Nobody came to make friends. They came to launch media careers and a chance at the £120,000 prize money. Or more properly, “up to £120,000” because the total depends on how well the group does in a series of tasks. The first of those involves lighting two giant wicker hares on fire using rowboats and a homemade fuse. (“It was using your fingers so you know, it was all really intense.”) The second is a bell-ringing/scavenger hunt combo (“I have never screamed ‘rocking horse’ so loudly in my life!”) And the third involves completing a survey while being spun around on a fairground ride (“My body’s this way up for a reason, otherwise people would just be walking around on their heads.” Well-reasoned.)
The contestants have various plans for their would-be winnings, from buying their mum a house to an amputee who wants to buy herself a bionic hand.
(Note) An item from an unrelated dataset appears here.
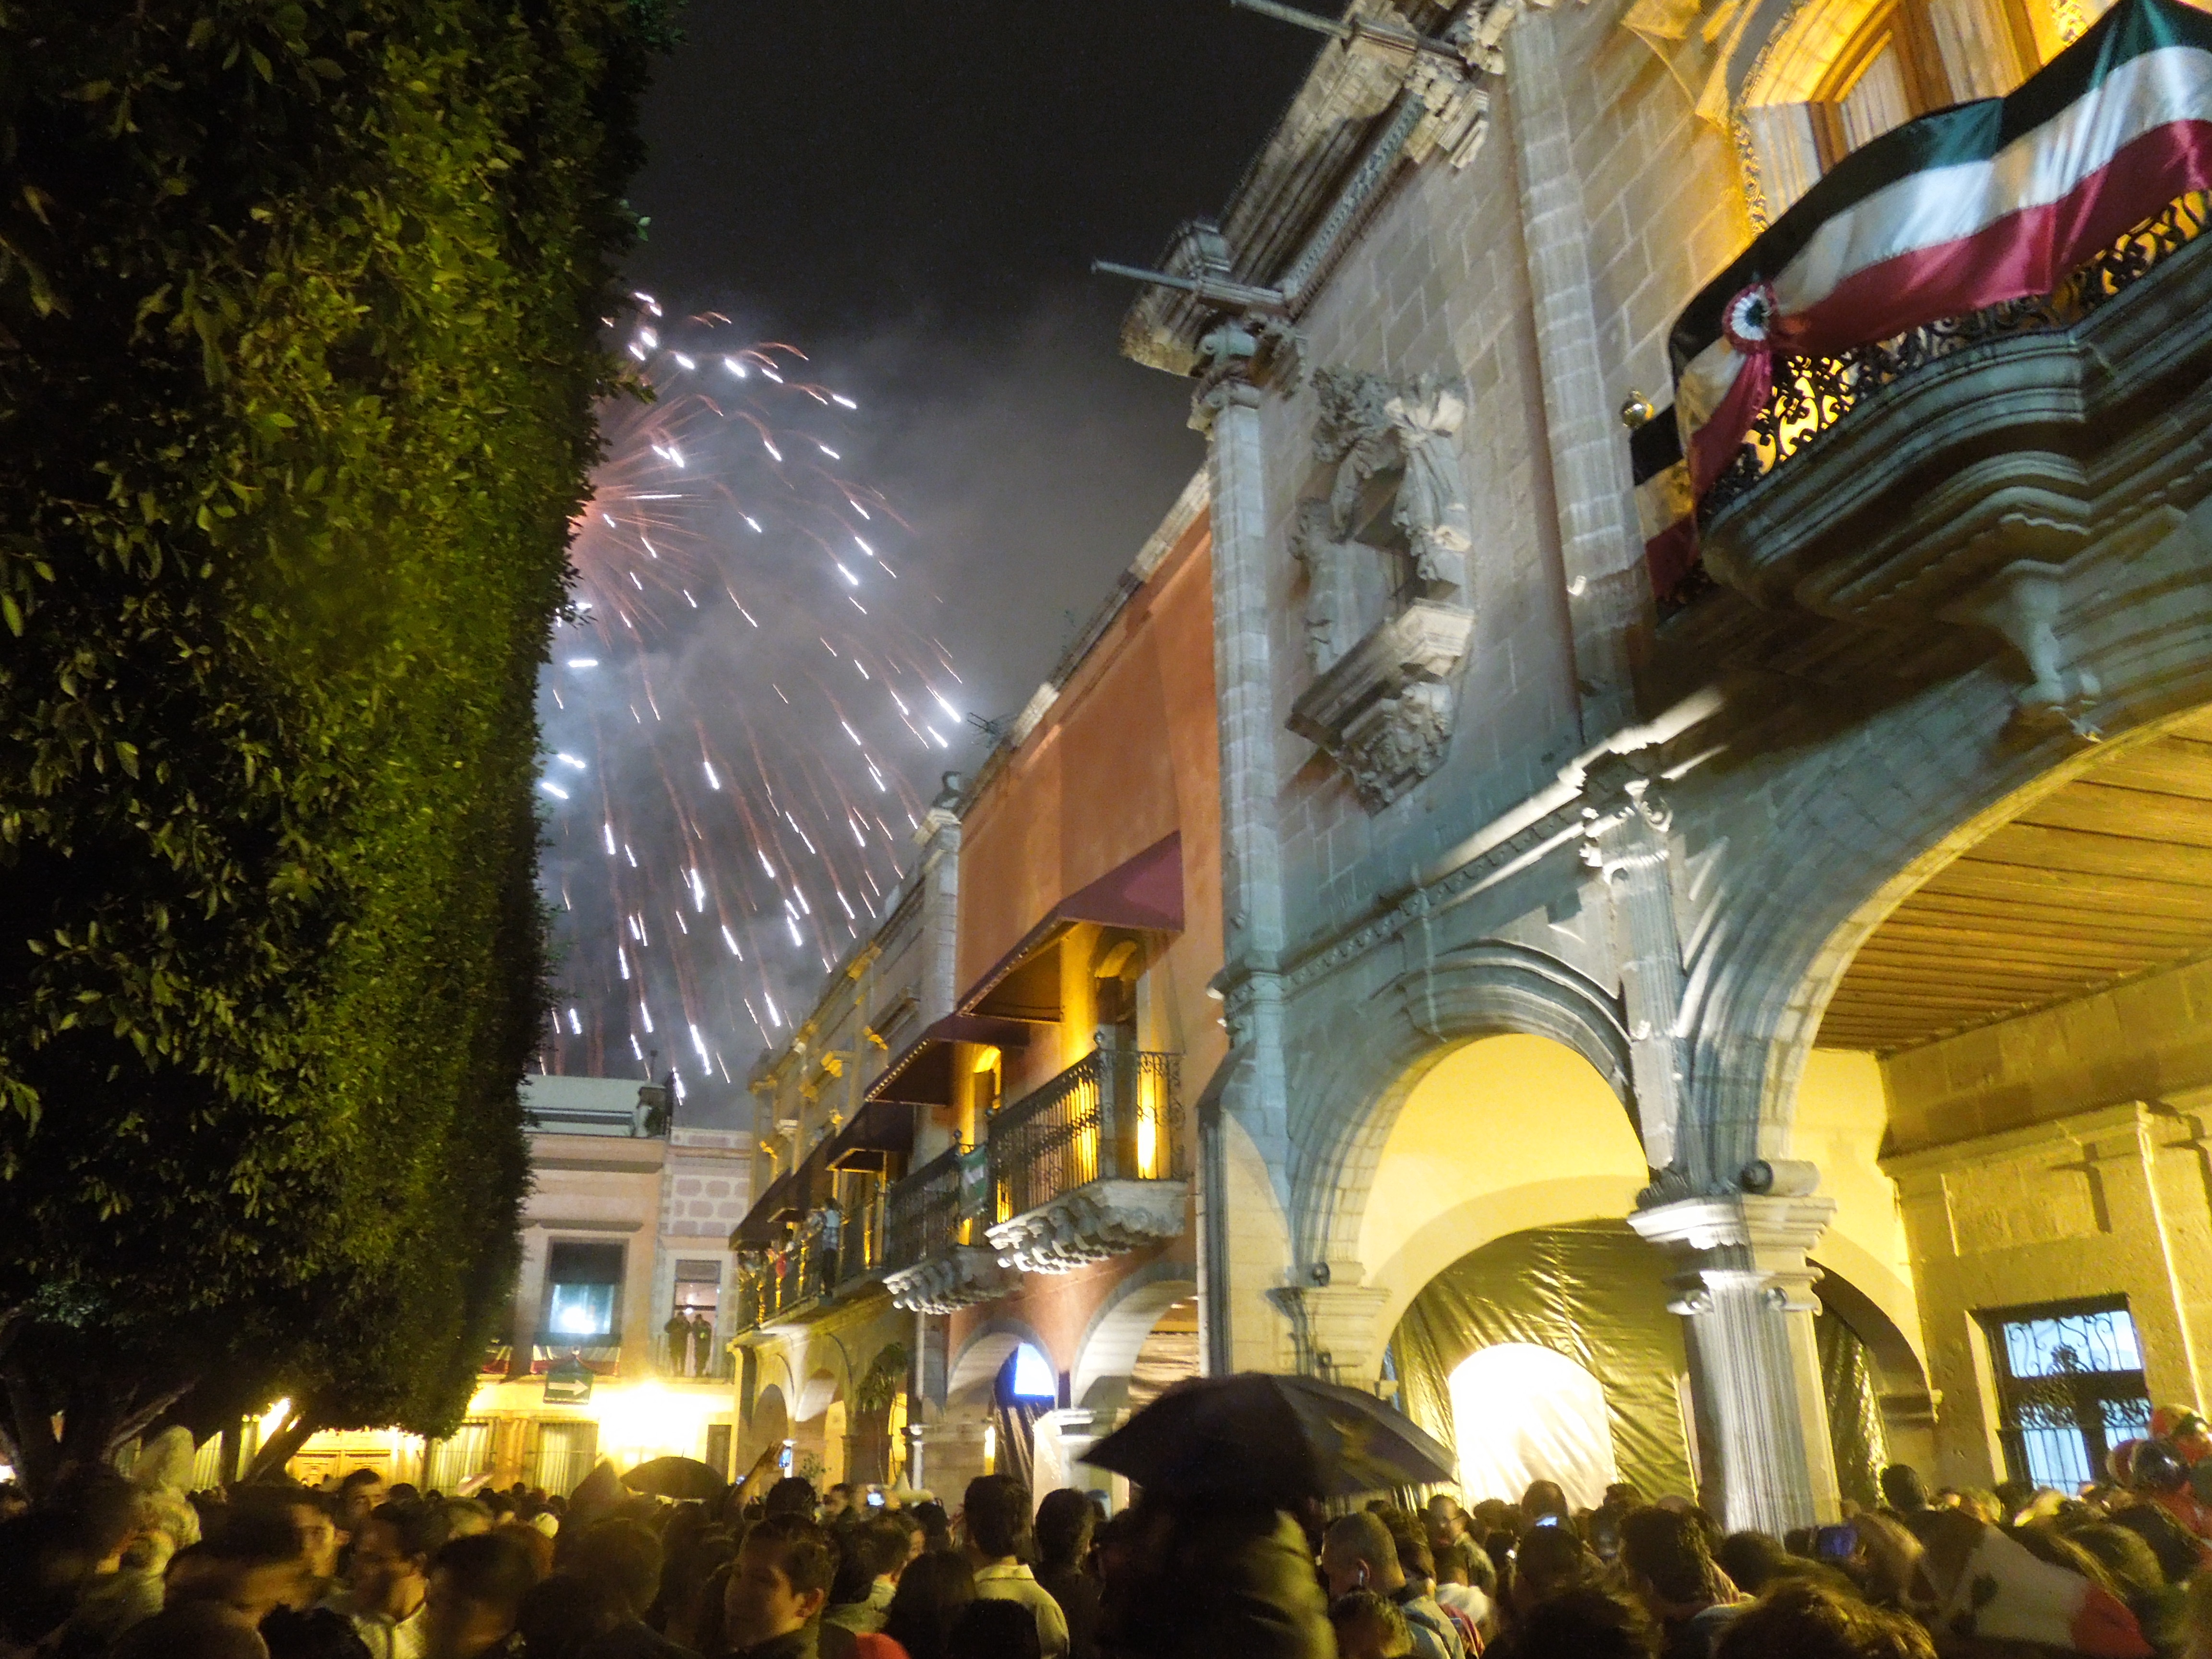 Fireworks explode over the Plaza de Armas in Querétaro just moments after the Grito. The fireworks can be seen in the open sky between trees on the left and government buildings adorned with Mexican colors on the right.

One wants to use it to counsel young people, the kind of plan that would once have been funded via a local authority grant rather than a reality TV show prize pot, but then this is the Britain we’re in.
Will the Faithfuls sniff out the Traitors? Signs aren’t good, despite the vibrant deductive powers of the contestant who declared “This looks like the entrance to the castle” when he saw the long path leading up to the castle. They’re all certain they can spot a liar and play other people like violins. Early evidence though, suggest otherwise.
One thing is sure – the best way to watch The Traitors, which is being heavily bet on by the BBC as World Cup counter-programming, won’t be live or on Catch-Up, but on Gogglebox, filtered through whatever the Siddiquis, Jenny and Lee, and Giles and Mary make of it.
The Traitors starts on Tuesday the 29th of November on BBC One at 9.30pm and continues on Wednesday at 9.15pm and Thursday at 9pm. Episodes one to three will also be available to stream on BBC iPlayer on the same day.